モスクワで売られている商品が何らかの指針になるとすれば、ロシアはドナルド・トランプ氏の大統領時代が朗報になるとみている。
「トランプ・チェンジオーバー」と銘打った金色の「iPhone(アイフォーン)」特別モデルが売られており、スーパーには、トランプ氏の顔が描かれた袋入りの砂糖が登場した。トランプ氏は必然的にマトリョーシカ人形になっており、モスクワのアルバート通りの土産物店でプーチン大統領と木製の肩を並べている。
トランプ氏は大統領選でプーチン氏を称賛していたため、ロシアの明らかな歓迎ぶりは理解できる。だがクレムリン(ロシア大統領府)は、成り行きを見守るアプローチを取っている。クレムリンについては、米情報機関はハッキングとプロパガンダ(宣伝工作)によってトランプ氏がヒラリー・クリントン氏を倒すのを助けようとしたと結論している。
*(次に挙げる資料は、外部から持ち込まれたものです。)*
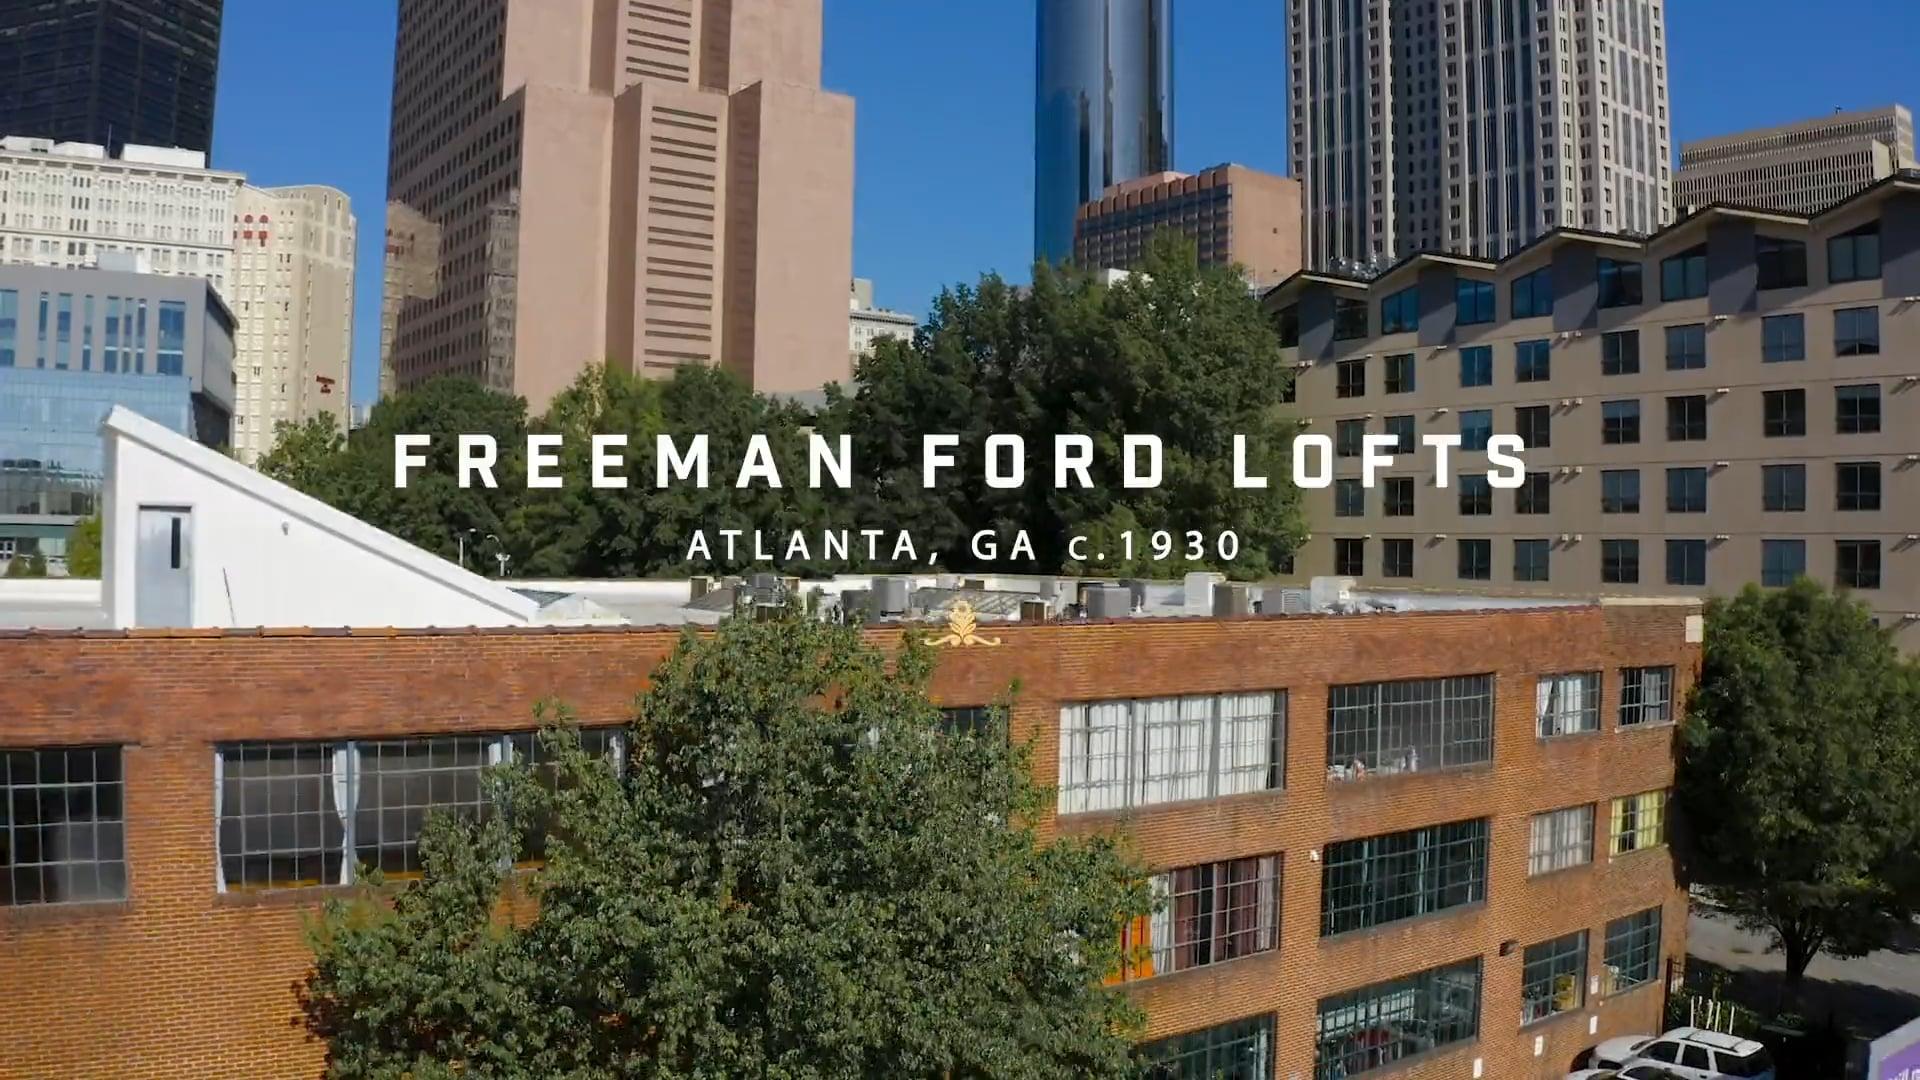 Freeman Ford Lofts Atlanta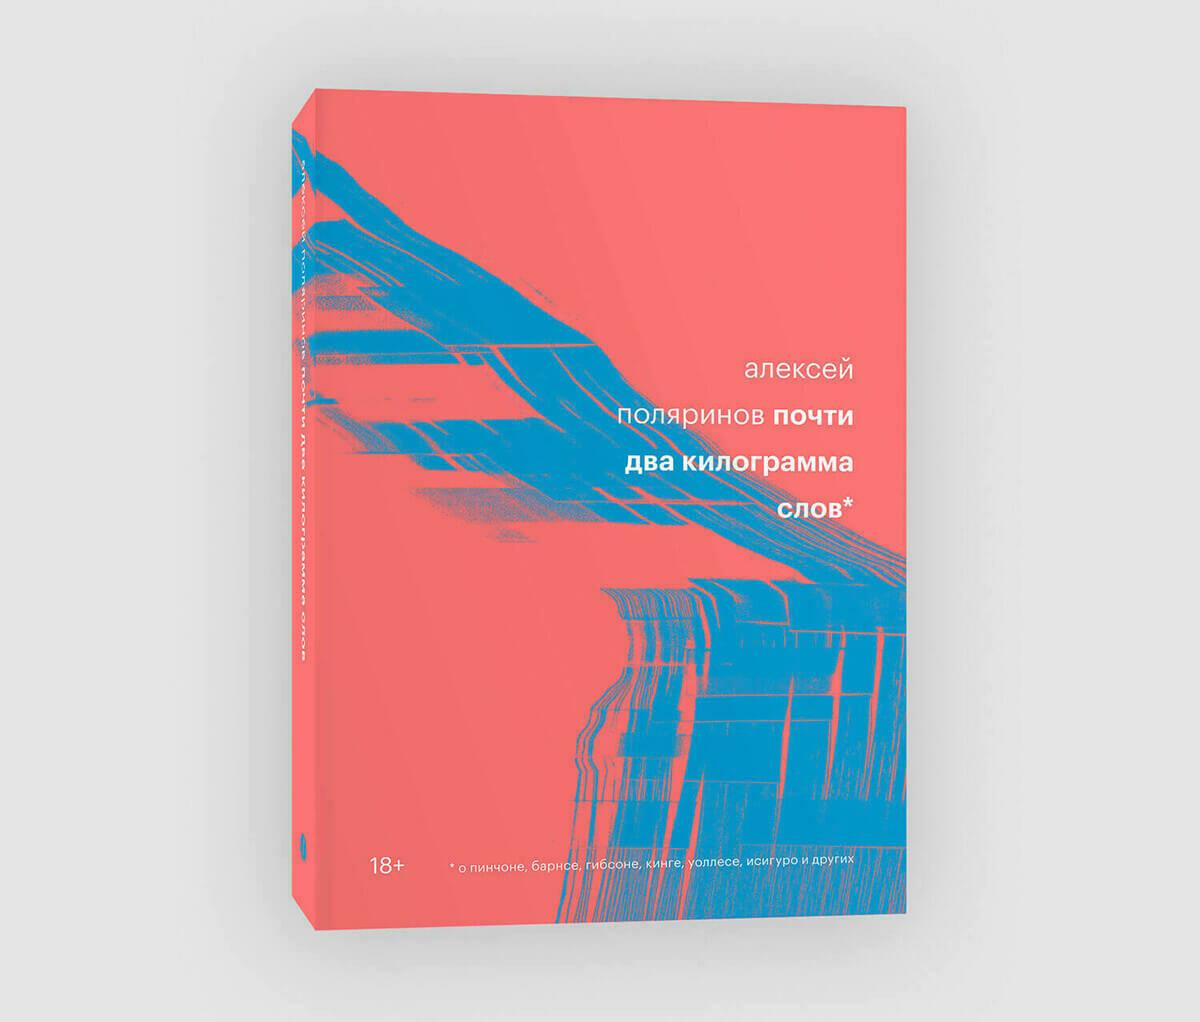 Книга «Почти два килограмма слов» Алексея Поляринова

「ロシアの戦略的封じ込めの措置が目先緩和されるという幻想は抱いていない」。プーチン氏の安全保障会議を率いるタカ派のパトルシェフ書記は今週、政府系新聞ロシスカヤ・ガゼータ紙のインタビューでこう語った。
パトルシェフ氏の言い分はこうだ。オバマ米大統領の政策が米ロ関係を後退させ、北大西洋条約機構(NATO)と欧州連合(EU)をロシア政府と衝突する道にはめた。「こうした状況では、ドナルド・トランプの米大統領選出が、米ロ関係に根本的な変化をもたらすかは語れない」と同氏は付け加えた。
■「変化への期待行き過ぎ」ロシア専門家
モスクワの政府関係者がすべてパトルシェフ氏ほど懐疑的なわけではないが、ロシアの大方の観測筋は、トランプ氏の大統領就任後に、米政府の対ロ政策に抜本的な変化があるとの期待は行き過ぎだとの見方で一致している。
「ブレグジット(英国のEU離脱)が決まった国民投票の後、トランプ氏の到来は、世界がロシアの方向へと変わりつつあることの最も強力な証拠だ」。外交政策の政府系シンクタンク、ロシア国際問題評議会のアンドレイ・コルトゥノフ会長は言う。だが同氏は、トランプ氏の政策課題の上位には、中国などロシア以外の国々が占める可能性が高いと考えている。新政権は移民などの国内問題にも重点を置くことから、ロシアとの関係修復が最優先課題になる見込みは薄い。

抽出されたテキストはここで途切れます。